Let the agent run multiple times if needed – reproducibility is key.

This process mimics a brand-new developer who has never seen your project before. Any break in the flow is a real documentation bug.

Step 6: Analyze Failures and Fix Documentation

Collect the logs from the agent and group them by:

Commands that failed – likely due to silent drift (e.g., Docker version upgrade changed a flag).
Missing steps or ambiguous instructions – signs of the curse of knowledge.
Output mismatches – the tutorial might have copy-paste errors or outdated screenshots.

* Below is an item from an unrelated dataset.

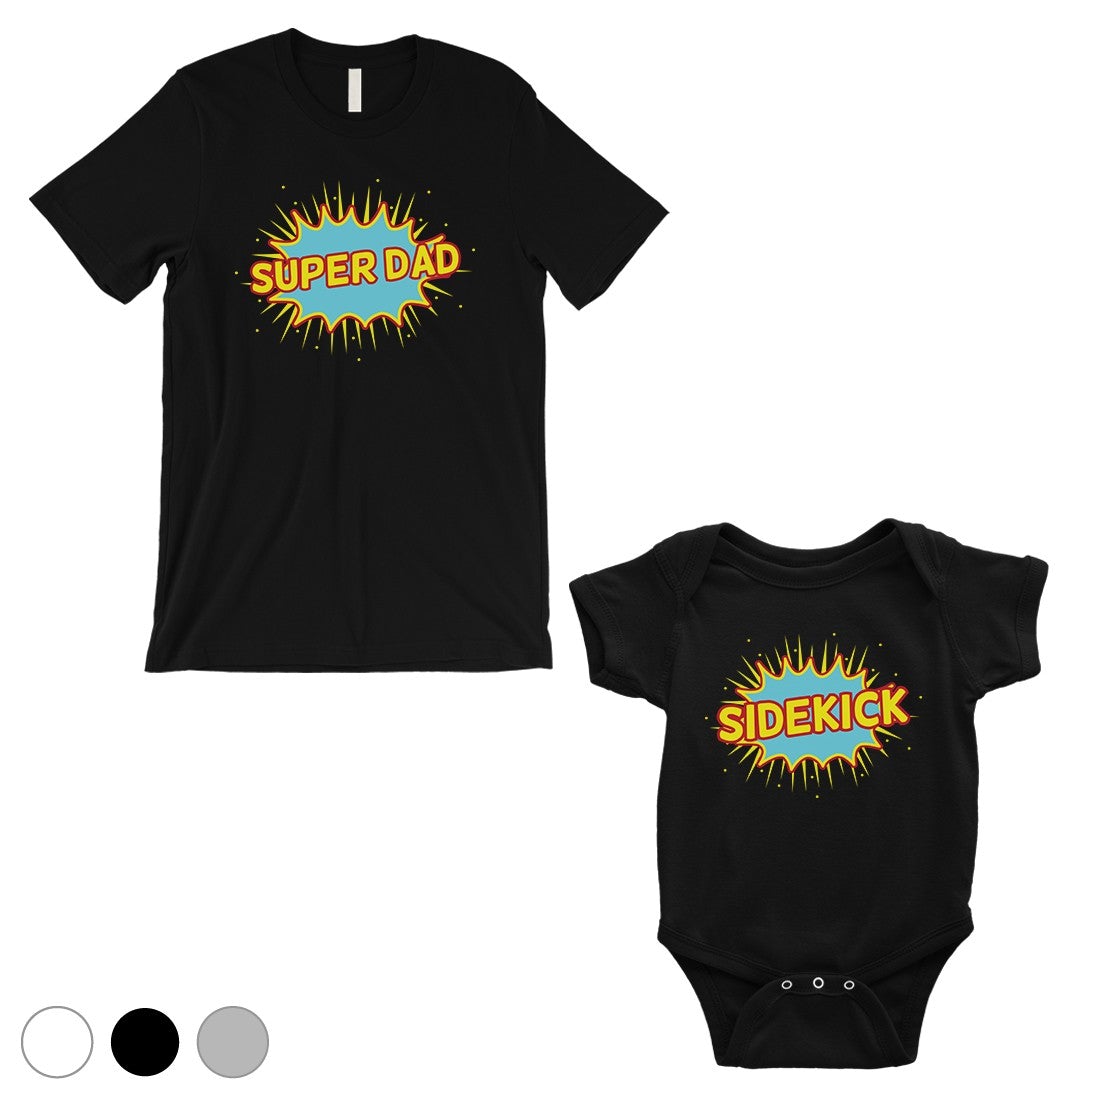 Super Dad Sidekick Dad and Baby Matching Outfits Black

For each issue, update your documentation:

If a command changed, update the command and the expected output in the guide.
If a step is unclear, add explicit details (like “run drasi list query and look for the ‘Running’ status”).
If dependencies changed (e.g., newer Docker version), add a compatibility note or update the tutorial requirements.

Step 7: Automate Regular Testing with CI/CD

To prevent future silent drift, integrate the agent into your continuous integration pipeline.

Schedule the agent to run daily or on every commit to your documentation repository.
Use GitHub Actions (or similar) to spin up a Dev Container, run the agent, and report failures.
Configure notifications to your team when the tutorial breaks.

This turns documentation testing from a manual chore into an automated monitoring system. You’ll catch issues before users do.

Tips for Success

Start small – Test the most critical getting-started guide first. Once you’ve proven the agent works, expand to other tutorials.
Record agent runs – Keep a log of each execution. Over time, you’ll build a history of changes that broke the doc, helping you anticipate future deprecations.
Pair with human reviewers – The agent finds technical bugs, but can’t judge tone, clarity, or logical flow. Use it to complement, not replace, human review.
Version your test environment – Matching the Docker, k3d, and project versions in your agent’s environment is crucial. Pin dependencies in devcontainer.json.
Share your results – Open-source communities love hearing how you’ve improved onboarding. Post a blog or issue about your agent to attract contributors.

By treating documentation testing as a simulation problem, you can leverage AI to catch silent drifts and knowledge gaps early. The payoff: a smoother onboarding experience, fewer frustrated users, and a healthier open-source project.